Southeast Asian Flavors: Adventures in Cooking the Foods of Thailand, Vietnam, Malaysia & Singapore by Robert Danhi (CIA instructor) - this a great overview and visual book IMO ... not Chinese or Indian though sorry but you said "other interesting"

Once I get home will see if others are worth noting and I'm sure others will chime in!


----------



## 9mmbhp (Feb 27, 2016)

Definitely look into Fuschia Dunlop's Chinese cookbooks. 'Every Grain of Rice' contains many classics.

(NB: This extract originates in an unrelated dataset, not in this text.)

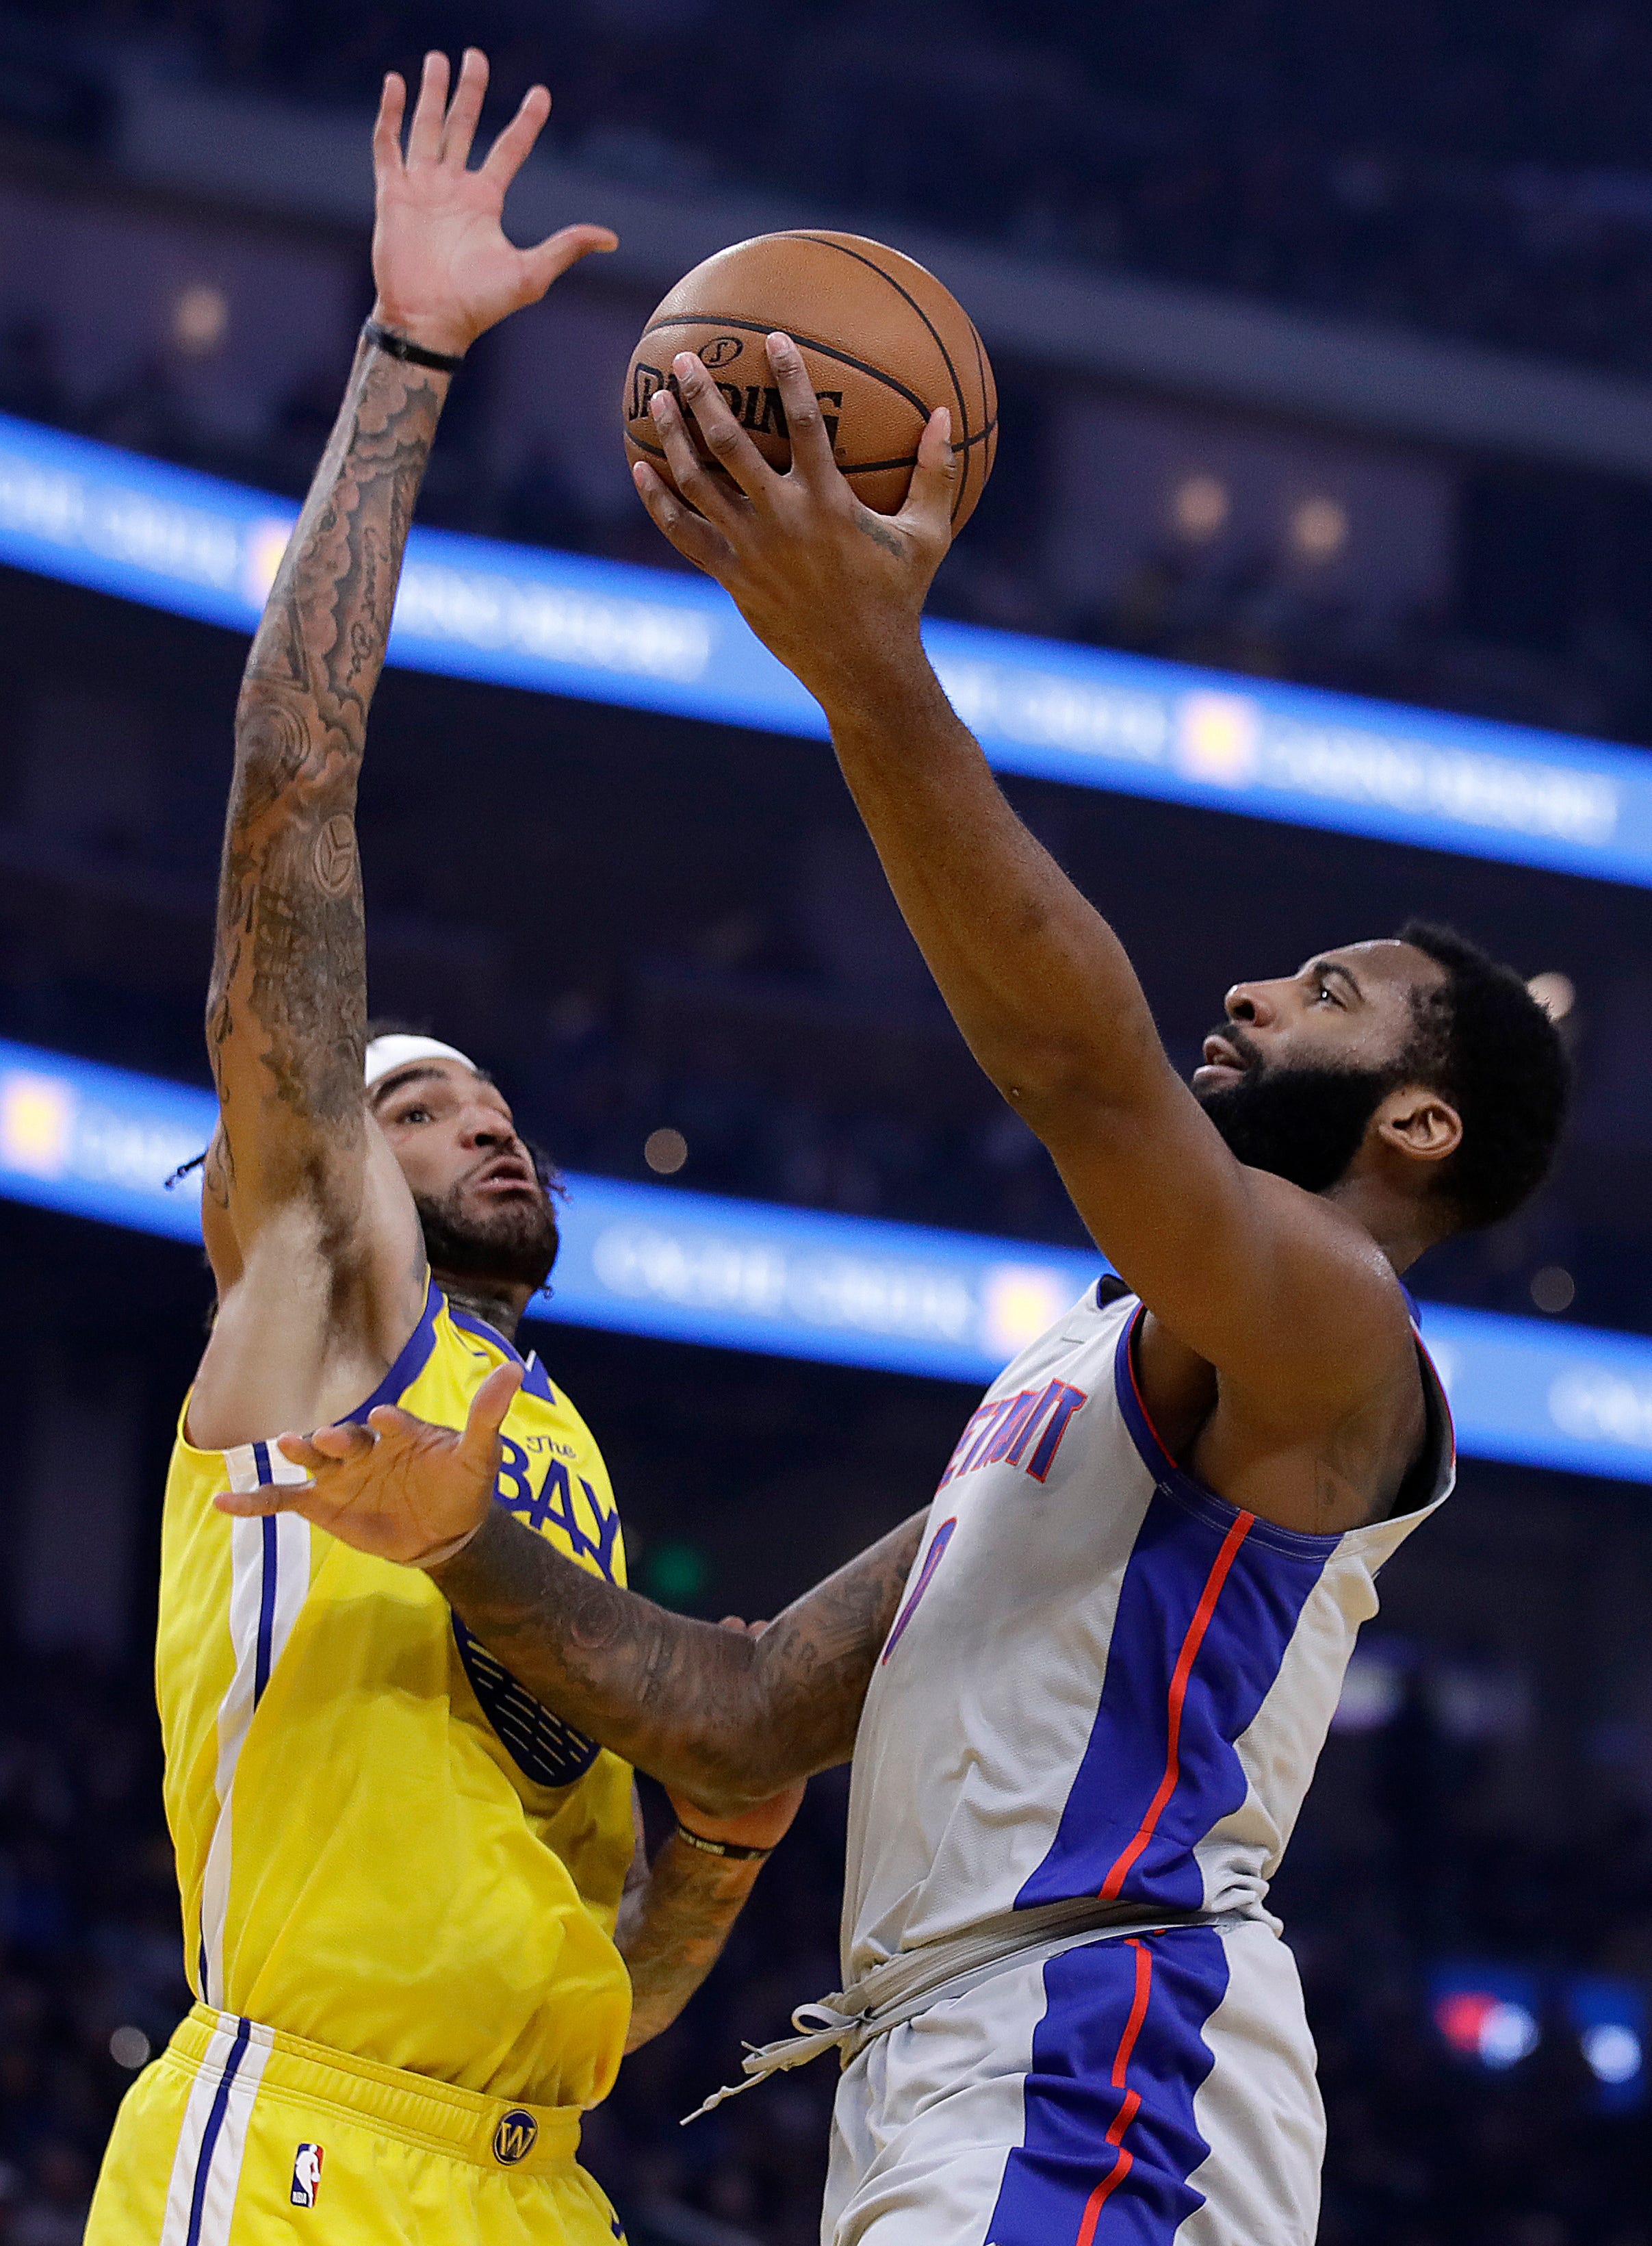 Detroit Pistons' Andre Drummond, right, lays up a shot against Golden State Warriors' Willie Cauley-Stein during the first half.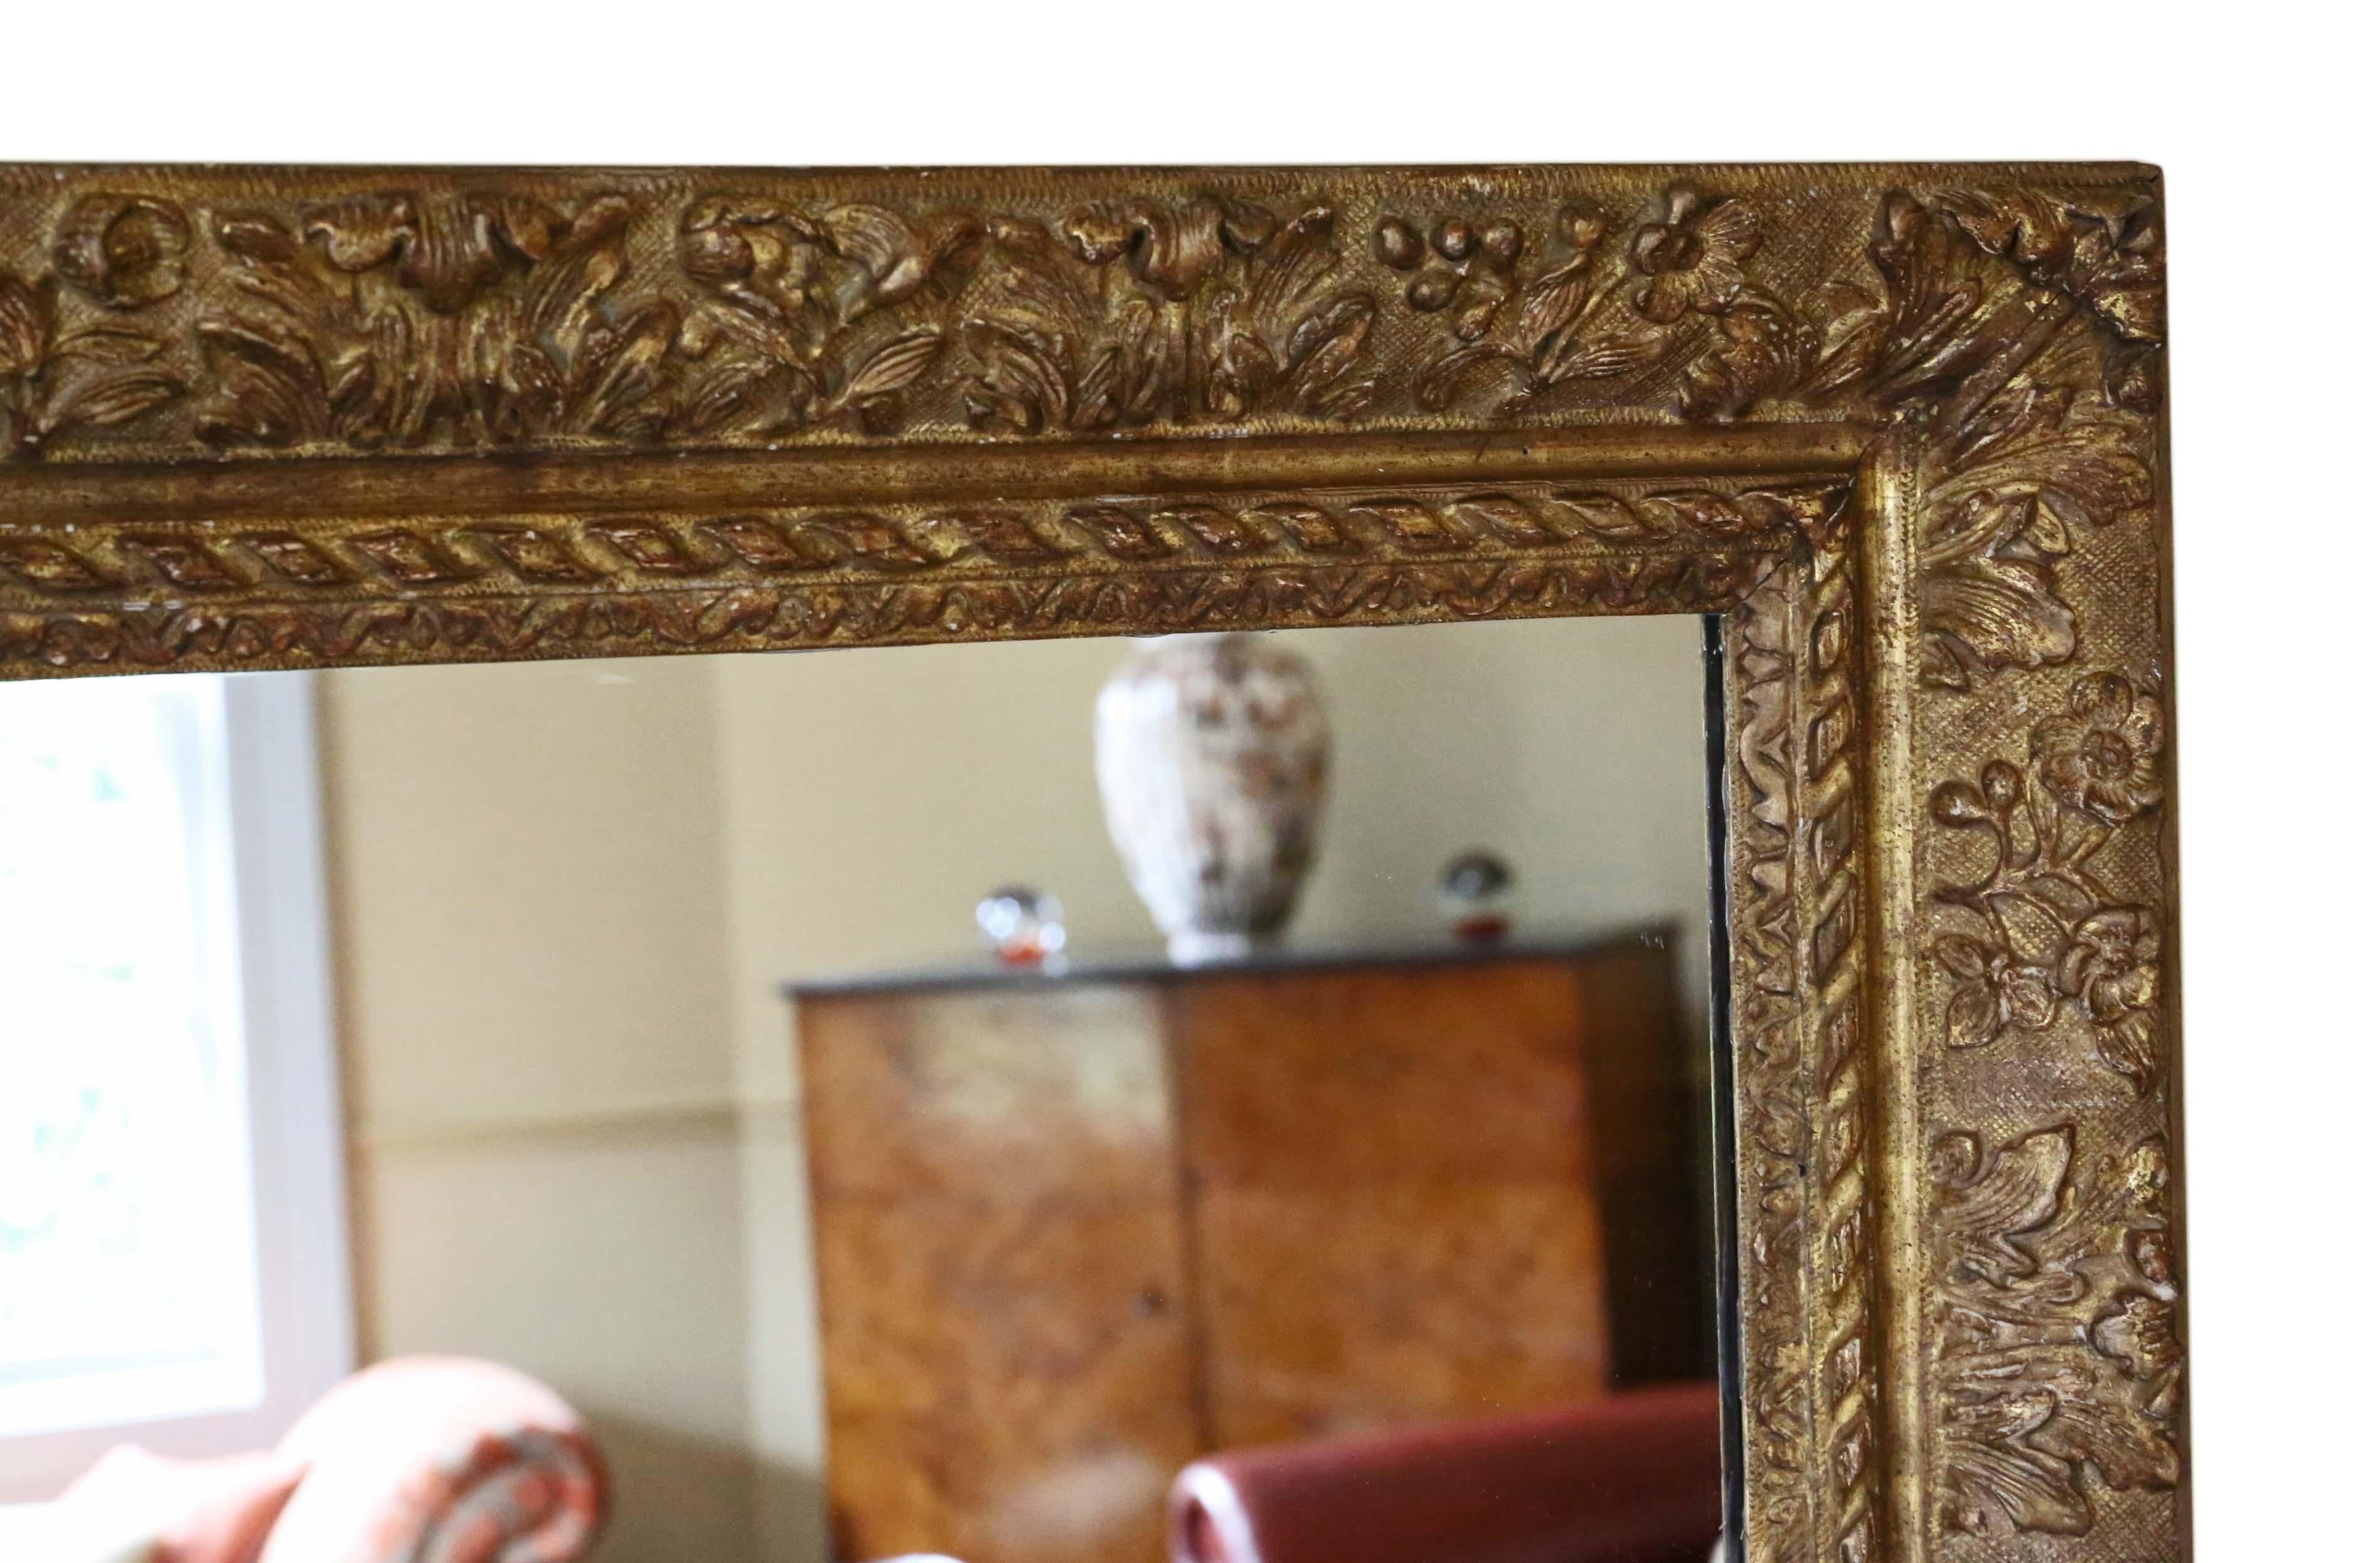 19th Century Louis XIV style gilt overmantle or wall mirror. A great look. Believed to have originally housed an early 17th Century Dutch painting by Jan Van Goyen (his paintings can reach high 6 figure sums). Not sure how old the frame is but

The The Woks Of Life blog is worth exploring too, very detailed recipes with extensive photos and commentary. The Ma Po Tofu and Dan Dan Noodles were impressive and their take on chile oil is awesome, esp. with the smashed cucumber salad.


----------



## scotchef38 (Feb 27, 2016)

Von blewitt said:


> Asian Food by Charmaine Solomon



+1 a great book


----------



## GlassFlanders (Feb 27, 2016)

Thanks for all the suggestions! I am going to get to finding these.


----------



## TimoNieminen (Feb 28, 2016)

Some good Chinese cookbooks not yet mentioned:
http://www.amazon.com/dp/1742705308/?tag=skimlinks_replacement-20
http://www.amazon.com/dp/1579653014/?tag=skimlinks_replacement-20
http://www.amazon.com/dp/1741966019/?tag=skimlinks_replacement-20

But Dunlop, Every Grain of Rice is an excellent book to start with. Solomon is a bit Westernised, otherwise excellent.


----------



## Noodle Soup (Feb 28, 2016)

Anything by Dunlop for sure. She was the inspiration for my own time in a Sichuan cooking school. I like Grace Young's books too but she is a friend of mine.


----------



## fimbulvetr (Feb 29, 2016)

I picked up http://www.amazon.com/dp/0743203127/?tag=skimlinks_replacement-20 a few years back and have been pleasantly surprised how often I return to it.


----------



## superk17 (Mar 23, 2016)

Any book by Fuchsia Dunlop is great! Also I enjoyed Grace Young book and her website, though she focuses on using a wok and a lot of recipies are designed for the wok I found it very helpful especially for the beginner.


----------